14:06 mmaret: yep, we really want to use the GPU
14:07 imirkin_: then you might be interested in karol's branch since it'll be able to reclock the gpu properly
14:07 imirkin_: chances are upstream won't
14:07 kloofy:is getting smarter and smarter every day, basically shocked how people use remote computers:)
14:08 mmaret: To my knowledge, having those k520 card are one of the rare solution to have GPU acces inside a virtual machine
14:09 karolherbst_work: mmaret: well, it depends on _what_ you want to do and how much performance is important
14:09 mmaret: I was looking at his github profile :) Good to know!
14:10 imirkin_: well, my guess is anytime you're playing with gpu's, perf is important
14:10 karolherbst_work: sometimes you just want to test stuff
14:10 karolherbst_work: in a few cases
14:11 karolherbst_work: is opencl even usable under nouveau?

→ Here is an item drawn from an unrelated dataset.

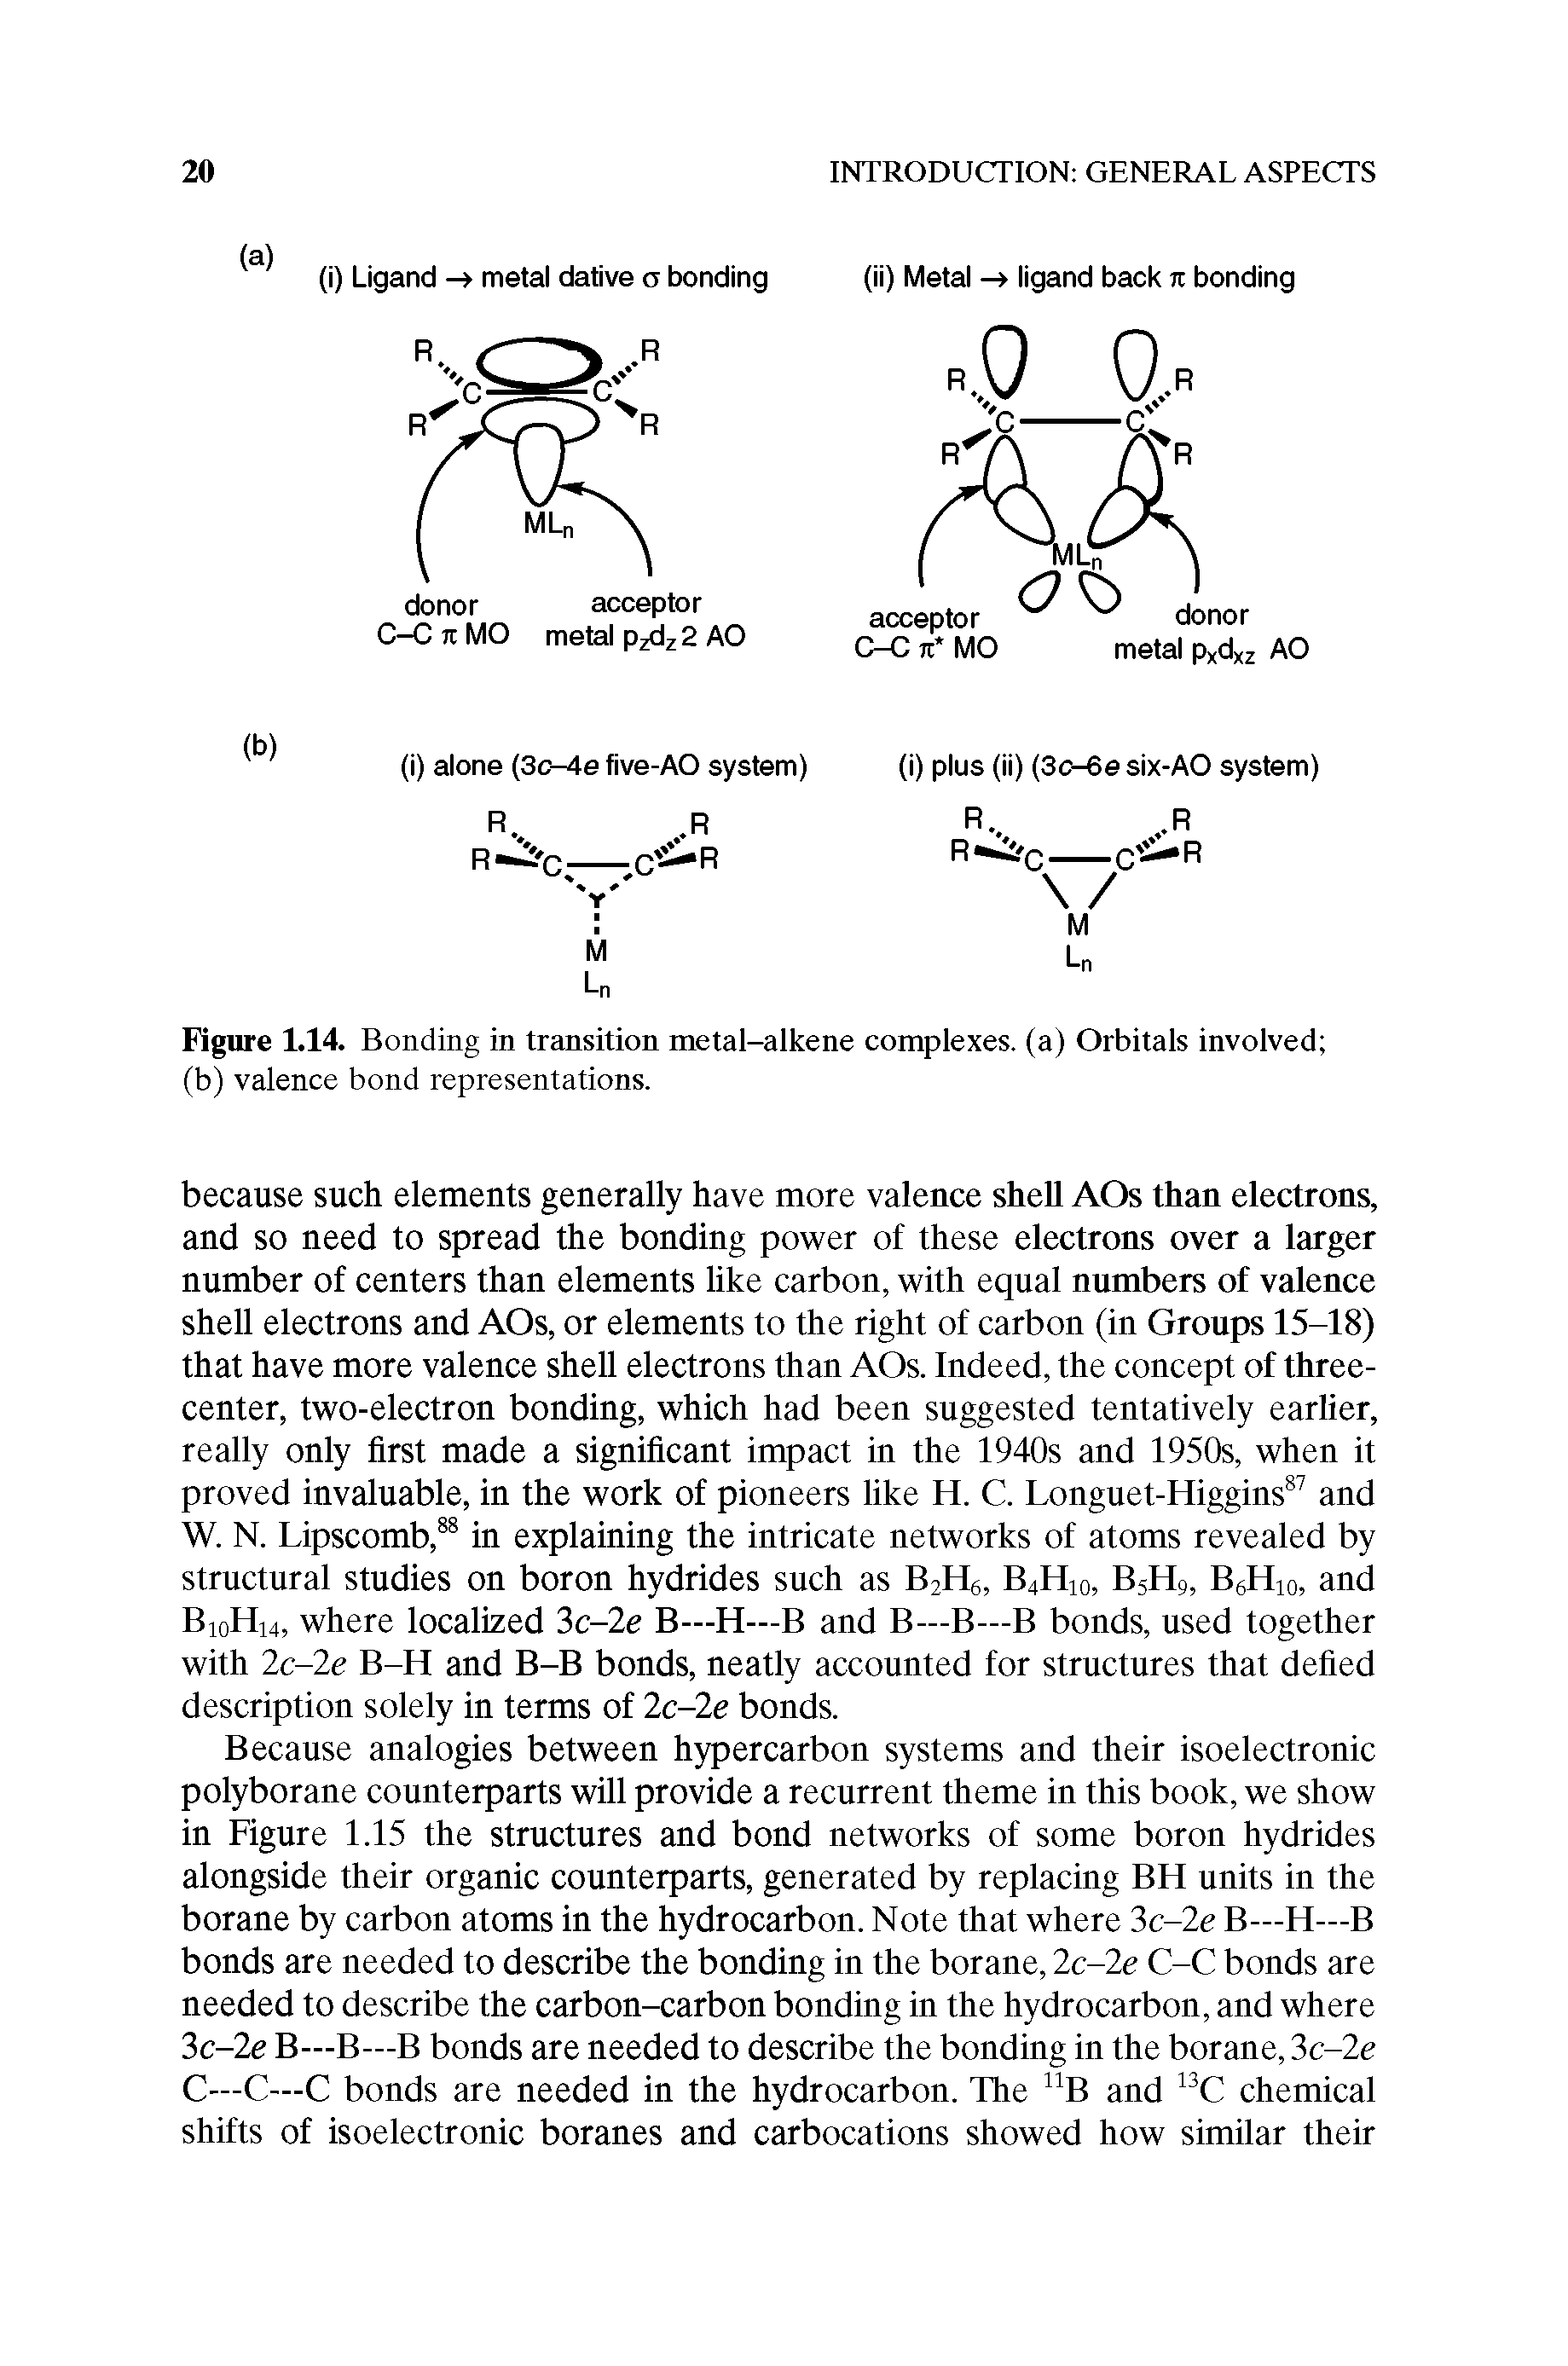 Figure 1.14. Bonding in transition metal-alkene complexes, (a) Orbitals involved (b) valence bond representations.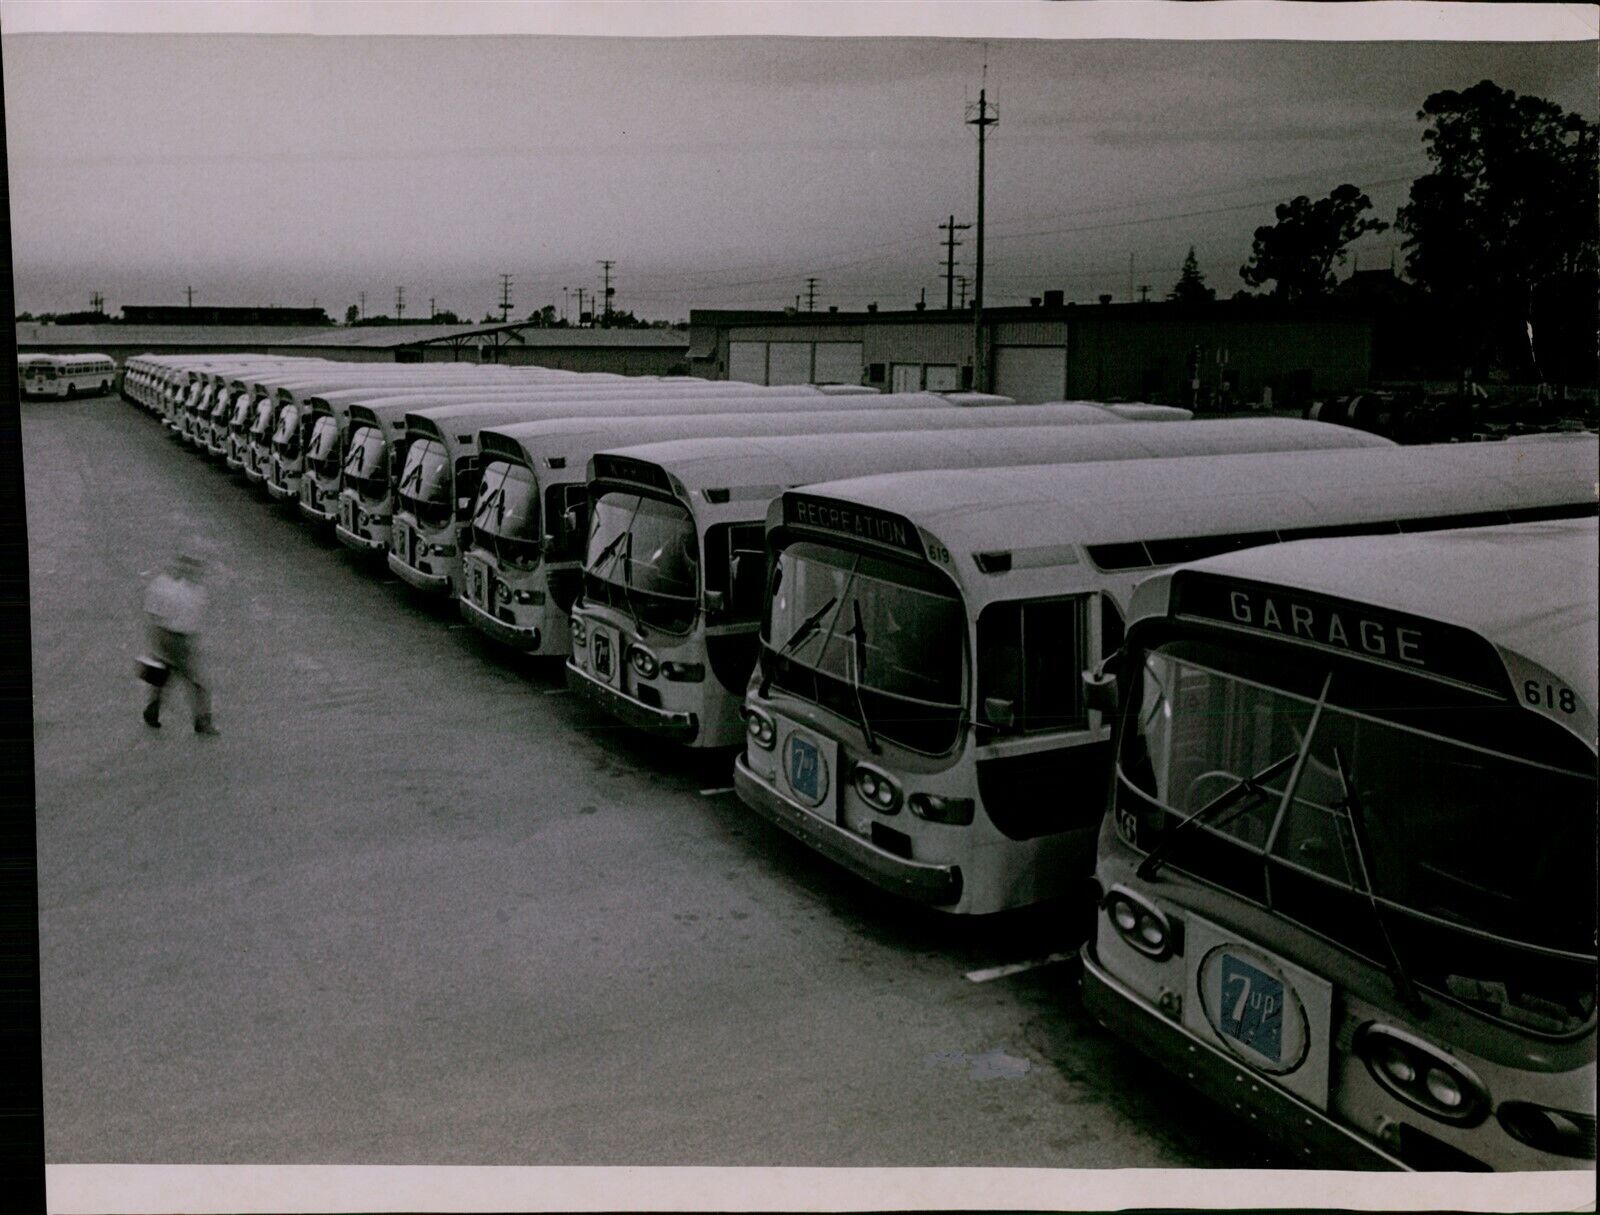 LG865 1965 Orig Savaria Photo FRESNO CITY BUSES Parked in Lot Public Transport

14:11 imirkin_: not at all
14:11 mmaret: In theory i do not look for really heavy performances in a first step. But it's still interesting. And if I can test things for you karolherbst_work
14:11 imirkin_: but GL compute shaders work fine
14:11 karolherbst_work: yeah well
14:11 kloofy: mmaret: but theoretically let's pretend that is some sort either wrong vbios or vga arbitration issue , in the first case how would you be able to work around the problem:) you do not probably know what kind of vbios they have:)?
14:12 karolherbst_work: compute shaders don't even come close to opencl :p
14:12 imirkin_: if you say so
14:12 karolherbst_work: well you can't target an amd, intel and nvidia gpu at the same time with compute shaders :p
14:13 imirkin_: huh?
14:13 karolherbst_work: or have kernels running on all gpus at the same time
14:13 karolherbst_work: within the same application
14:13 mmaret: kloofy, indeed, it could be anoying
14:13 karolherbst_work: and distribute work across all
14:13 karolherbst_work: with opencl you can
14:13 imirkin_: ok ... i think at least some of that is possible with EGL
14:13 imirkin_: either way, he only has 1 gpu in there, so that's not likely to be an issue
14:14 karolherbst_work: right, allthough I would use compute shaders only if I also have to use OpenGL anyway, otherwise OpenCL is the superior solution usually
14:16 mmaret: And your work won't be upstreamed karolherbst_work ?
14:16 imirkin_: maybe in kernel 5.0 at this rate
14:17 karolherbst_work: mmaret: ping skeggsb :p
14:17 mmaret: :)
14:17 karolherbst_work: I am sure he will look more at this, if he gets 10 mails daily because of that :p
14:17 imirkin_: ben has other things he's supposed to be doing, and this isn't a priority for him. [otherwise he would have just picked up the patches a long time ago and fixed them up to his heart's content]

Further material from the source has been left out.